Bolze et al. (2010) studied a large consanguineous Pakistani pedigree in which a brother and 2 sisters and a female cousin suffered from recurrent, stereotypical episodes of fever, encephalopathy, and mild liver dysfunction involving modestly elevated transaminases without cholestasis, metabolic derangement, or synthetic defects, sometimes accompanied by generalized seizures that were difficult to control. Episodes lasted several days, sometimes requiring intensive care. Cranial imaging in 3 patients suggested cerebral atrophy, despite recovery in 2 of them.

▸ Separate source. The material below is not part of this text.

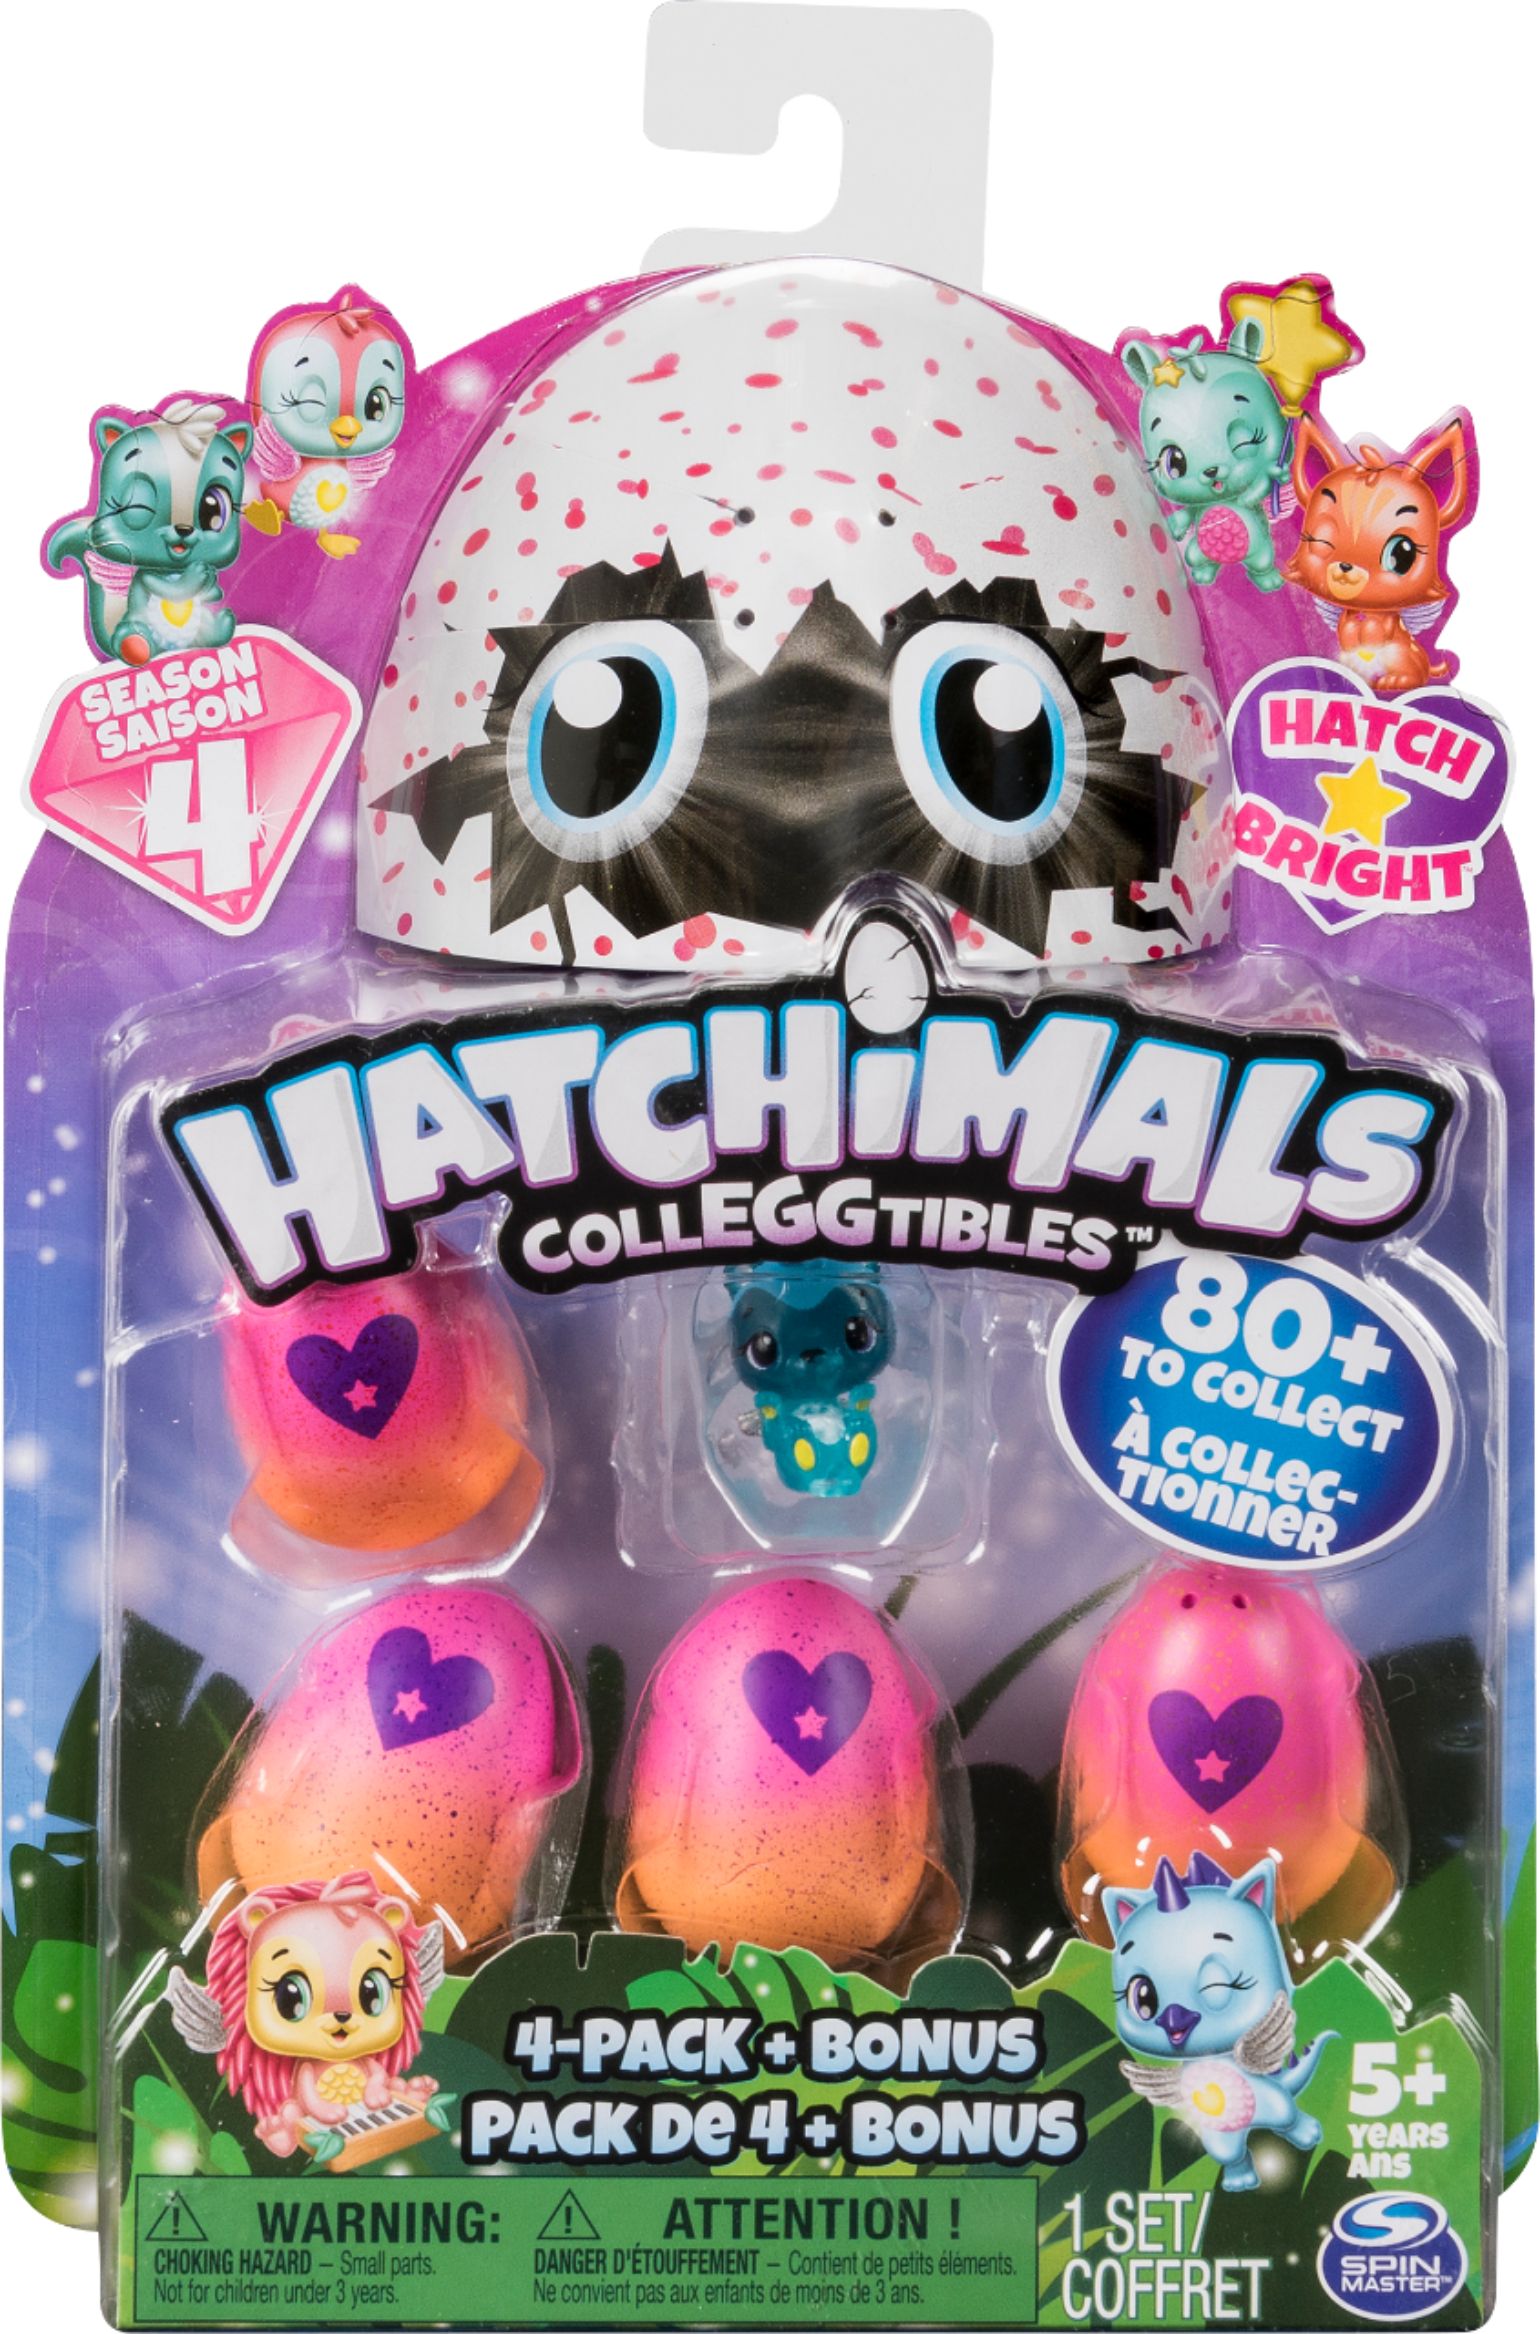 NEW Hatchimals CollEGGtibles 4-Pack Eggs Bonus Figure Season 4 BLIND BOX

For some of the episodes, it was possible to identify a viral trigger, including varicella zoster virus, measles-mumps-rubella (MMR) attenuated vaccine, parainfluenza virus, and Epstein-Barr virus (EBV). One of the sisters died at 4 years of age during such an episode, and the other sister and brother died of fatal invasive pneumococcal disease at ages 4 months and 14 months, respectively. Their affected cousin was alive at 2.75 years of age. Howell-Jolly bodies were detected in 2 patients despite the presence of a spleen, indicating functional hyposplenism. Two of the 4 patients had congenital cardiovascular malformations: pulmonary atresia and a ventricular septal defect in 1 sister, and a left-sided superior vena cava that drained into the left atrium in the cousin. In the previous generation, another 5 family members had died in childhood, 2 with 'epilepsy' and 2 from infection (pneumonia and measles, respectively), suggesting that there may have been up to 9 family members with this disorder over 2 generations. Laboratory findings in affected individuals were similar to those seen in autoimmune lymphoproliferative syndrome (ALPS; 601859), including high-circulating CD4(-)CD8(-)TCR-alpha-beta(+) T-cell (DNT) counts, and elevated IL10 (124092) and FASL (TNFSF6; 134638) levels, but the Pakistani patients did not exhibit the clinical features of ALPS.

Mapping

In a large consanguineous Pakistani kindred with recurrent infections accompanied by encephalopathy and hepatic dysfunction, Bolze et al. (2010) combined homozygosity mapping with whole-exome sequencing and identified 2 homozygous regions in patients that were heterozygous in unaffected relatives: an 8-Mb interval on chromosome 11 and a 9-Mb interval on chromosome 18. Sequencing identified only 1 nonsynonymous variant within the candidate intervals that had not been previously reported, on chromosome 11.

Molecular Genetics

In 2 sisters and their cousin from a large consanguineous Pakistani pedigree, who had recurrent infections associated with encephalopathy, hepatic dysfunction, and cardiovascular malformations, Bolze et al. (2010) identified homozygosity for a missense mutation in the the FADD gene (602457.0001). The mutation segregated with disease in the kindred and was not found in 282 Pakistani controls. Based on the patients' laboratory findings as well as in vitro and in vivo studies of FADD deficiency, Bolze et al. (2010) concluded that the observed bacterial infections result partly from functional hyposplenism, and the viral infections from impaired interferon immunity.